Teerã caracterizou o episódio como uma interferência política em uma organização técnica internacional e acusou Washington de pressionar o país anfitrião. A Rússia apoia a crítica do Irã. Essas alegações são posições avançadas pelos governos envolvidos; a sequência estabelecida é que a Áustria procurou uma isenção, os Estados Unidos se opuseram a ela e a Áustrie então negou a entrada.

Sanções de volta à diplomacia nuclear

O conflito reflete a força renovada das restrições da ONU sobre o Irã.
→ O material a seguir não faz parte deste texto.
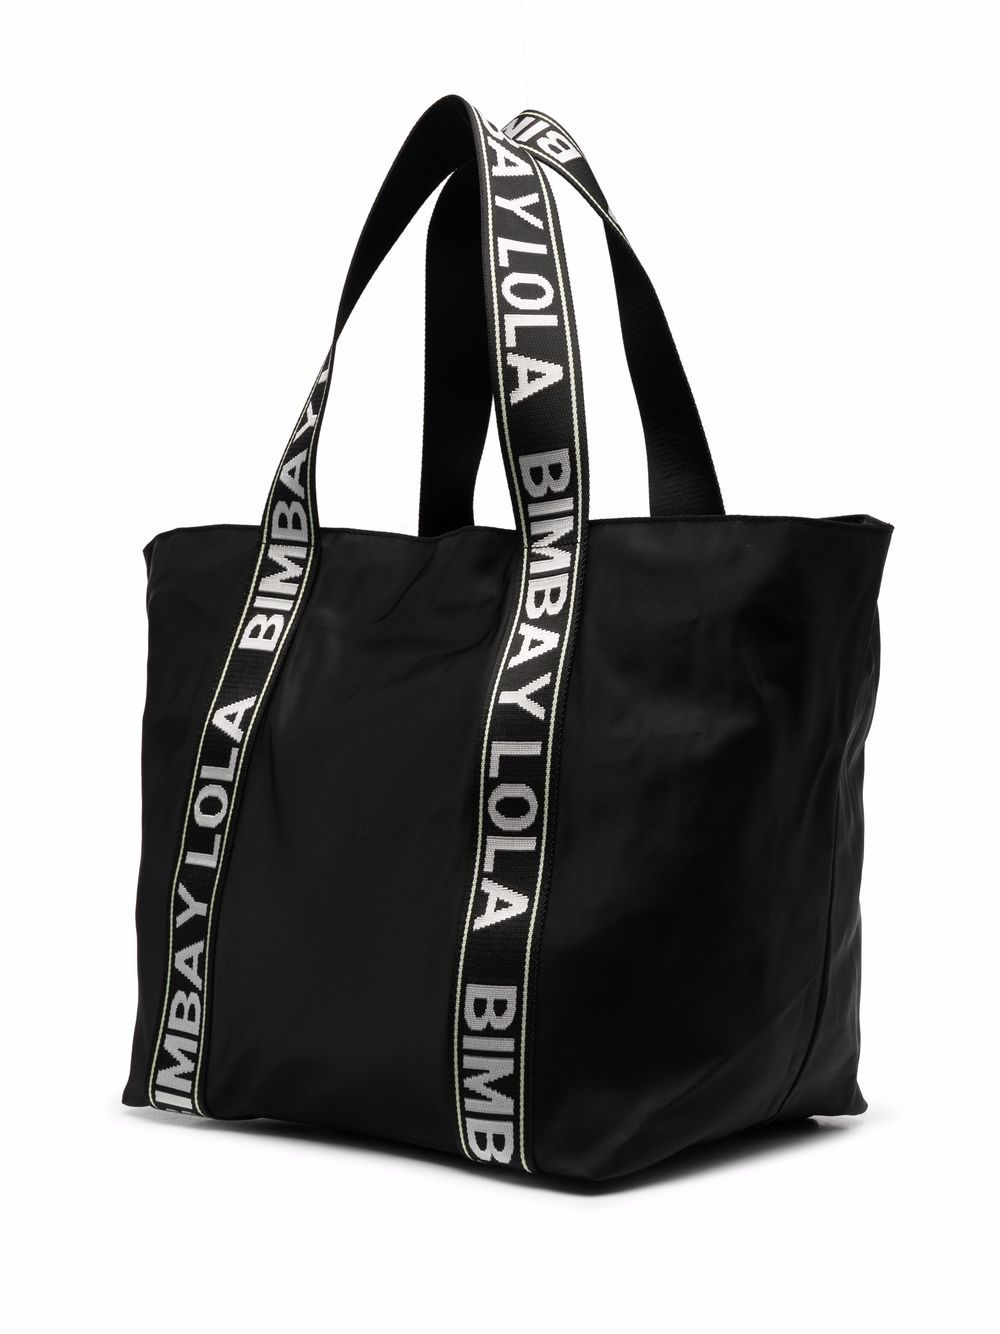 BIMBA Y LOLA Women's Sling 2in1 / Fashion Bag Tote Import

Um comunicado da ONU publicado em setembro de 2025 registou a reaplicada das resoluções anteriores do Conselho de Segurança e restaurou Mohammad Eslami à lista consolidada de sanções. O regime de acompanhamento exige que os Estados impedem que as pessoas listadas entrem ou transitem seu território, a menos que o comité de sanções aprova uma isenção.

Esse quadro fez a participação na reunião de Viena dependente do consenso dentro do comitê. Também transformou uma questão de acesso à conferência em uma demonstração de como o regime de sanções restaurado pode restringir altos funcionários iranianos. A decisão não altera as obrigações de segurança do Irã nem o mandato de inspeção da AIEA, mas intensifica ainda mais o contato diplomático durante uma confrontação já severa sobre a verificação.

A atenção agora se muda para as declarações apresentadas pela delegação restante do Irã e para se a conferência produz qualquer movimento sobre o acesso de inspetores. Outra questão é se futuros pedidos de viagem para funcionários iranianos sancionados recebem tratamento diferente quando a sua participação está diretamente ligada às instituições da ONU. As denegações repetidas poderiam aprofundar a divisão entre os Estados que implementam as medidas restauradas e o Irã e a Rússia, que contesta a sua legitimidade.